# Which books to buy?



## panicbird (Nov 4, 2006)

Muller's _Post-Reformation Reformed Dogmatics_, Turretin's _Institutes of Elenctic Theology_, or Kittel's _Theological Dictionary of the New Testament_? As the Highlander says, "There can be only one." The question is, "Which one shall I get?"

What would you recommend?

Lon


----------



## crhoades (Nov 4, 2006)

Muller.


----------



## youthevang (Nov 4, 2006)

I would definitely, hands down, recommend Turretin. The English translation is a little difficult at times, but it is worth the buy.


----------



## ChristianTrader (Nov 4, 2006)

panicbird said:


> Muller's _Post-Reformation Reformed Dogmatics_, Turretin's _Institutes of Elenctic Theology_, or Kittel's _Theological Dictionary of the New Testament_? As the Highlander says, "There can be only one." The question is, "Which one shall I get?"
> 
> What would you recommend?
> 
> Lon



Muller, is the best bang for your buck, however I do not think it can be found as cheaply as Turretin.

CT


----------



## RamistThomist (Nov 4, 2006)

Rushdoony


----------



## RamistThomist (Nov 4, 2006)

I'm sorry. The above was for humor purposes. Go with Muller.


----------



## ChristianTrader (Nov 4, 2006)

Draught Horse said:


> I'm sorry. The above was for humor purposes. Go with Muller.
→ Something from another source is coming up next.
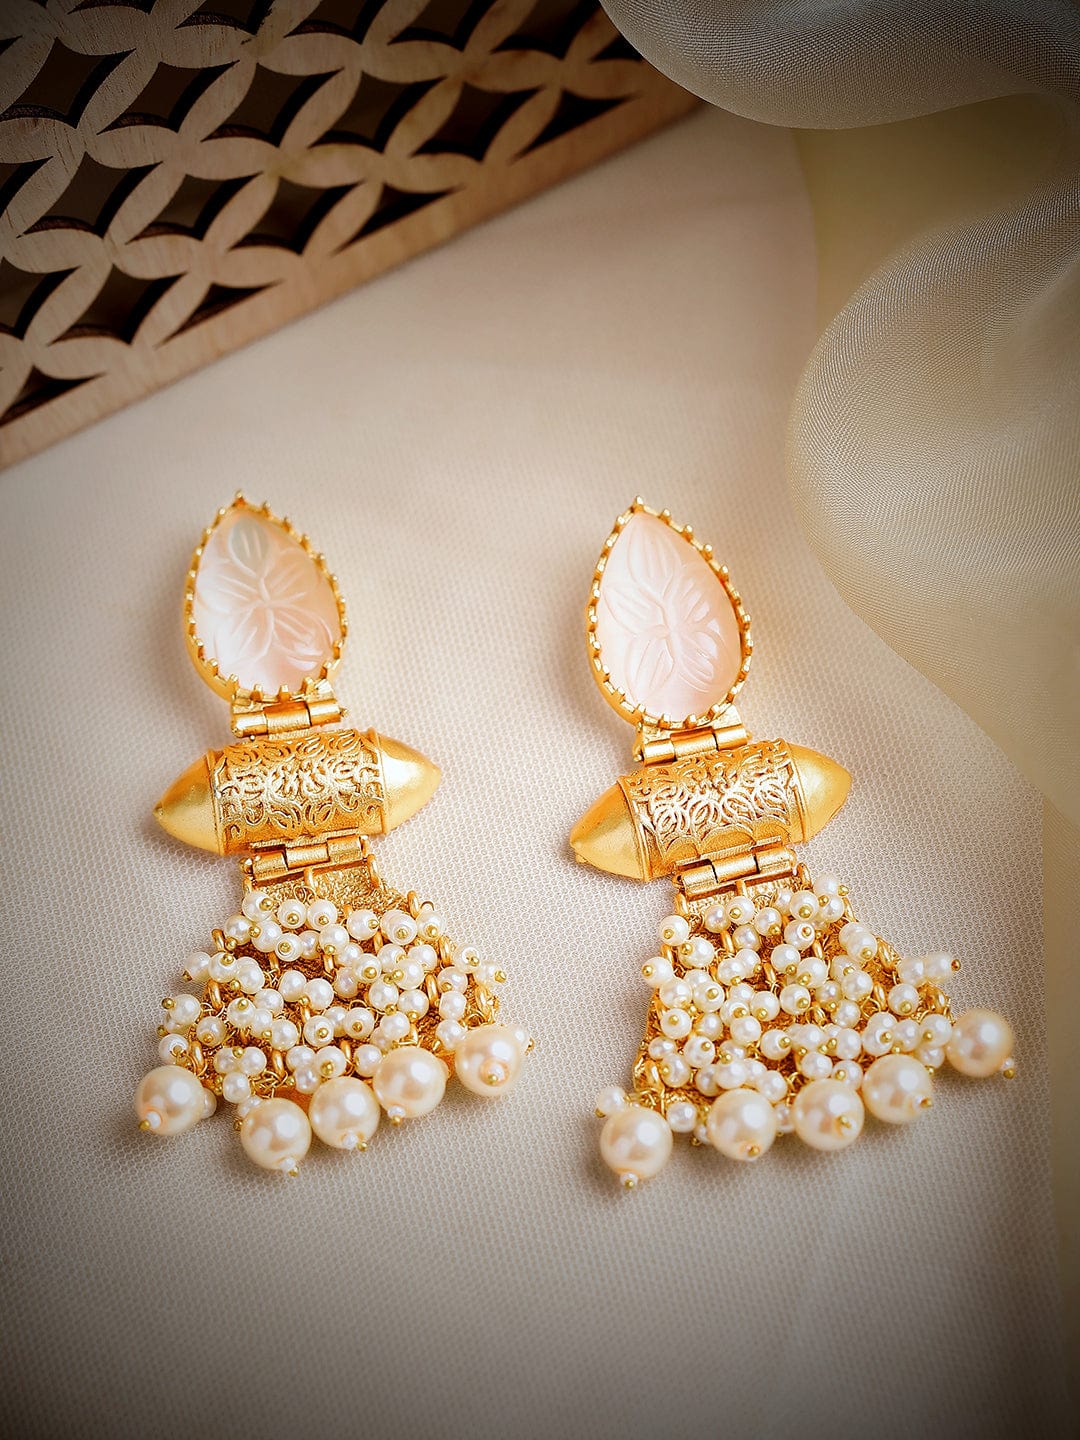 Buy 22K Gold Stud Earrings, Gold earrings jewelry, 5mm small studs online  at aStudio1980.com

We got that it was for humor, unfortunately it just failed


----------



## RamistThomist (Nov 4, 2006)

ChristianTrader said:


> We got that it was for humor, unfortunately it just failed



I laughed.


----------



## R. Scott Clark (Nov 4, 2006)

Muller is more likely to go out of print and become harder to find.

Turretin is a primary source and invaluable but Muller's work is brilliant and essential for understanding Reformed orthodoxy.

rsc


----------



## RamistThomist (Nov 4, 2006)

Go to amazon. I found the first two volumes of Muller for 10 and 15 dollars a piece. Both hardback and close to new condition. The person who owned the first one had the penmanship of a two year old (that's why you don't underline and mark your book in pen, but pencil).


----------



## py3ak (Nov 4, 2006)

Muller's set is very nice looking.


----------



## Casey (Nov 4, 2006)

youthevang said:


> I would definitely, hands down, recommend Turretin. The English translation is a little difficult at times, but it is worth the buy.


I don't have Muller -- but I love Turretin!




I have Kittel, and don't use it as much as Turretin.


----------



## fredtgreco (Nov 4, 2006)

panicbird said:


> Muller's _Post-Reformation Reformed Dogmatics_, Turretin's _Institutes of Elenctic Theology_, or Kittel's _Theological Dictionary of the New Testament_? As the Highlander says, "There can be only one." The question is, "Which one shall I get?"
> 
> What would you recommend?
> 
> Lon



Do not get Kittel. It is not as helpful as either one, and is far superior in electronic format (Logos or Bibleworks) than in print. I would get Muller solely because it is more likely to go out of print forever (as Dr. Clark suggested).

Also, it is FAR more likely that in the future someone will digitize Turretin and it will be available for free on the web.


----------



## panicbird (Nov 4, 2006)

Muller has been purchased. $87.99 from CBD (I had a gift certificate from there). Also, I picked up Gonzalez' _The Story of Christianity_, Latourette's _A History of Christianity_, Kelly's _Early Christian Doctrines_, Guinness' _Invitation to the Classics_, Bauer's _Annotated Guide to Biblical Resources for Ministry_, McKim's _Historical Handbook of Major Biblical Interpreters_, Walsh's _Dictionary of Christian Biography_, Corduan's _Neighboring Faiths_, Devries' _Jesus Christ in the Preaching of Calvin and Schleiermacher_, and Beeke and Ferguson's _Reformed Confessions Harmonized_.

Needless to say, I am excited.

Lon


----------



## py3ak (Nov 4, 2006)

That's a nice selection: but with all of that to buy, why didn't you get Turretin too? Personally, I don't find much use for Latourette.


----------



## panicbird (Nov 4, 2006)

py3ak said:


> That's a nice selection: but with all of that to buy, why didn't you get Turretin too? Personally, I don't find much use for Latourette.



I knew I wanted to make only one "big" purchase, so that I would have room left to buy the smaller stuff. Latourette, Gonzalez, and Kelly came as a package for $24.99 (see this link), and I have wanted to get Latourette for my library for some time. What can I say? For $24.99 along with two other works that I wanted, the price was right.

Lon


----------



## VirginiaHuguenot (Nov 5, 2006)

Lon -- You may be interested in looking at John Tweeddale's Notes on Richard Muller's PRRD.


----------



## VirginiaHuguenot (Feb 13, 2007)

John W. Tweeddale, _Mulling Over Muller: A Casual Tour through Post-Reformation Reformed Dogmatics_


----------